Winters deadly for lively long-tailed tits

THIS winter a small flock of long-tailed tits has become a regular visitor to my bird feeding station.

Winters deadly for lively long-tailed tits

They’ve rapidly become favourites. It’s not just the way they look — the tiny, walnut-shaped body, the absurdly long, thin tail and the faint flush of pink on the underparts — it’s also the way they behave. They’re acrobatic, full of vitality and display impeccable manners in their interactions with other birds.
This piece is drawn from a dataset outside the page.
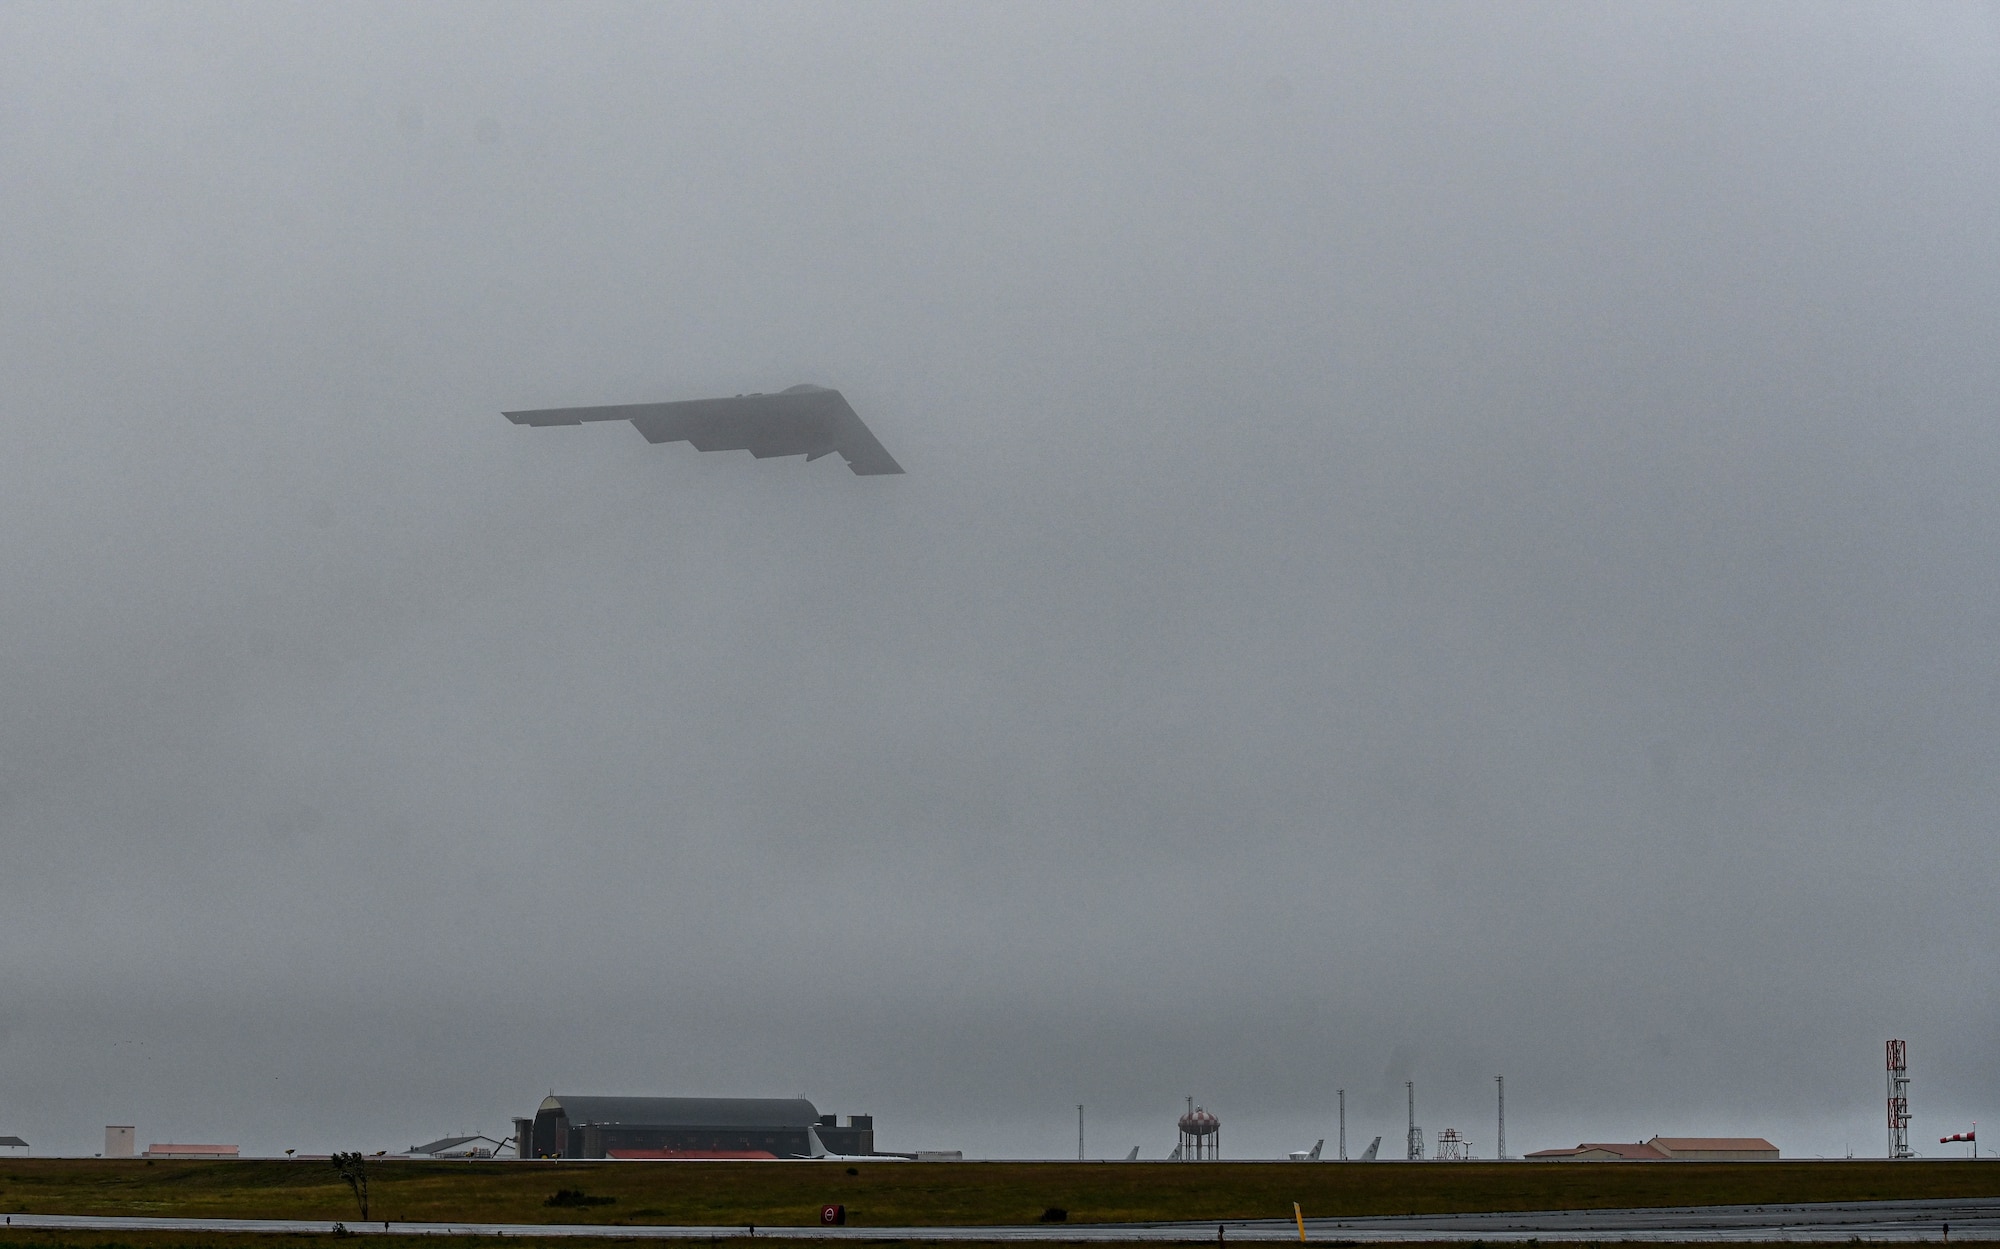 Two B-2 Spirit stealth bombers, assigned to Whiteman Air Force Base, Missouri, depart from Keflavik Air Base, Iceland, August 25, 2021. The stealth bombers integrate with U.S. Air Forces in Europe F-15 Eagles as part of a joint training operation in the European theater. Training with allies and partners, and other U.S. Air Force units build strategic relationships that are critical for timely and coordinated responses when needed. (U.S. Air Force photo by Airman 1st Class Victoria Hommel)

Another reason I’m delighted to see them is that they suffer very high mortality in severe winters, up to 80%, and because our previous two winters were so bad I was afraid they might have declined in numbers. But they lay large clutches of eight to 12 eggs, occasionally up to 15, which means the population can bounce back quite rapidly.

They’re not actually tits. They used to be, but scientists now place them in a separate family which has no other European members, although there are various races and colour variants of the long-tailed tit in Europe and Asia.
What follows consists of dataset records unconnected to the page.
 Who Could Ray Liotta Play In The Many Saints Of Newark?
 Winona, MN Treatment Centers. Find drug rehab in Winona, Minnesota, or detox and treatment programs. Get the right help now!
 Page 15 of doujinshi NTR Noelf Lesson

There are two reasons why they die in such large numbers in bad winters. One is that they’re very small and more likely to die of hypothermia. The other is that they’re quite strictly insectivorous, with a strong preference for the eggs, caterpillars and pupae of small moths and butterflies. This kind of food is hard to find in winter, which is why they’ve had to resort to the balls of fat and seeds on my feeding station.

Wrens are also very small, very insectivorous and uncommon visitors to bird tables. Both species adopt the same strategy on very cold winter nights. They roost communally, huddling together in a ball. Thermodynamically this turns them into the equivalent of a much bigger bird, which means they lose less body heat during a long night.
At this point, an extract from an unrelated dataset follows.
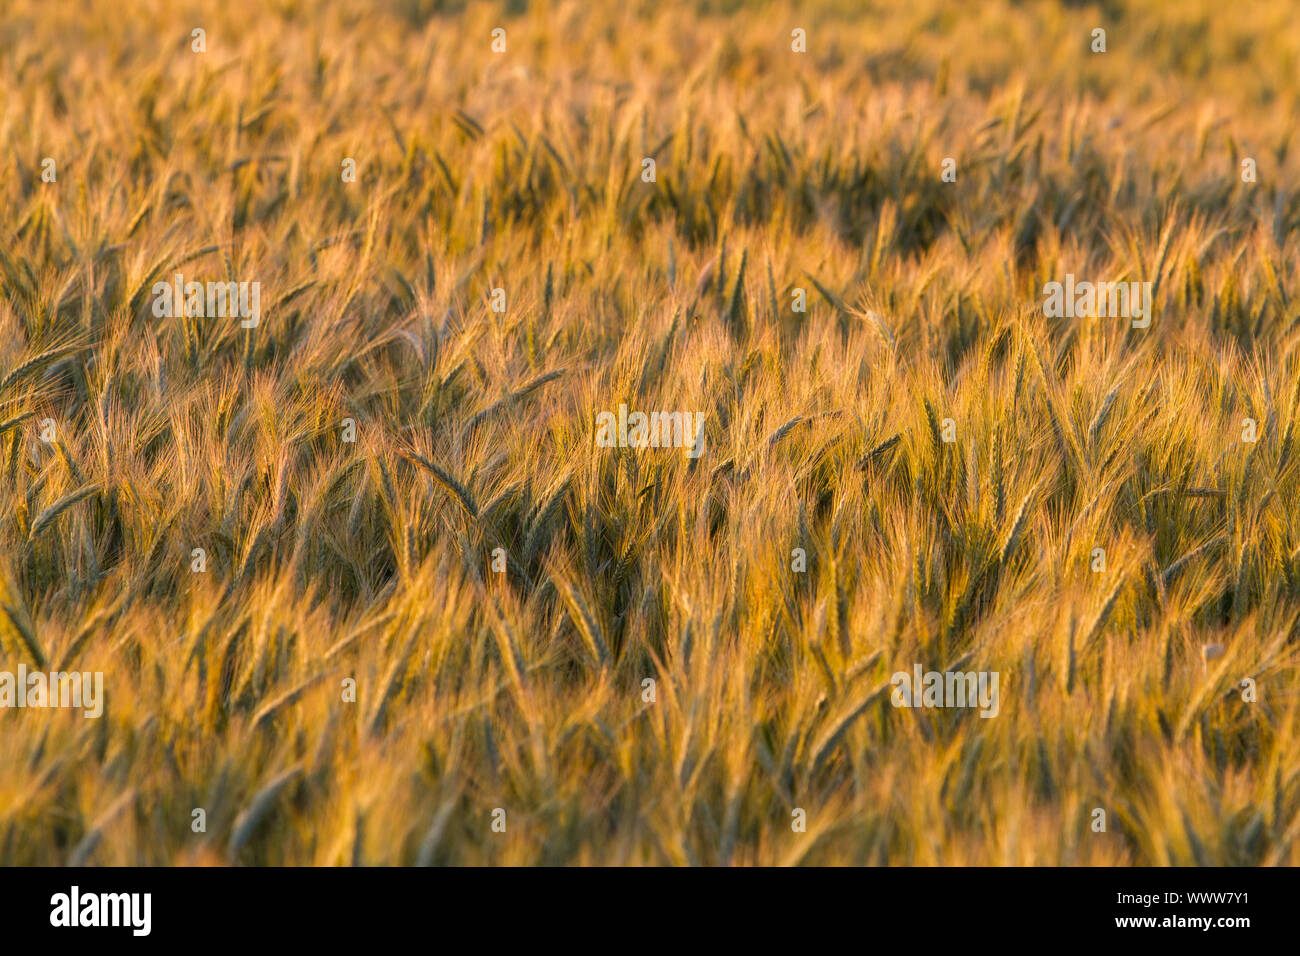 mature cereal field Stock Photo

For most of the year long-tailed tits form small flocks, sometimes mixing with coal tits or blue tits. The long-tailed tits in the flock all tend to be related to each other — last year’s young along with parents and a few uncles and aunts. These flocks will be breaking up in the next couple of weeks as the birds pair up for nesting. The flocks will form again in late summer.

Their nests are extraordinary constructions, shaped like miniature rugby balls standing on end with an entrance hole at or near the top. They weave an elastic material out of the silk from the egg cocoons of spiders held together by tiny pieces of moss. This is camouflaged on the outside by up to 3,000 individual flakes of lichen and lined on the inside with around 2,000 small feathers. They usually manage to find enough feathers lying around but have been observed plucking dead birds. The end result is a beautifully insulated and camouflaged structure which can expand as the young birds grow bigger. Despite all this there is a very high failure rate among nests, many being destroyed by magpies or squirrels. One study found that only 17% of nests were successful.

If a nest fails the pair often decide that they can’t face all the hard work involved in making a new one. Instead theyhelp another pair with a viable nest to rear their young. Nests with four ‘parents’ instead of two have a much higher success rate.

The winter flock which is now based in my garden is formed of parents, offspring and foster parents. These winter flocks can sometimes number up to 30 birds, though they’re normally smaller and I think there are less than 10 in the one I’ve been observing lately.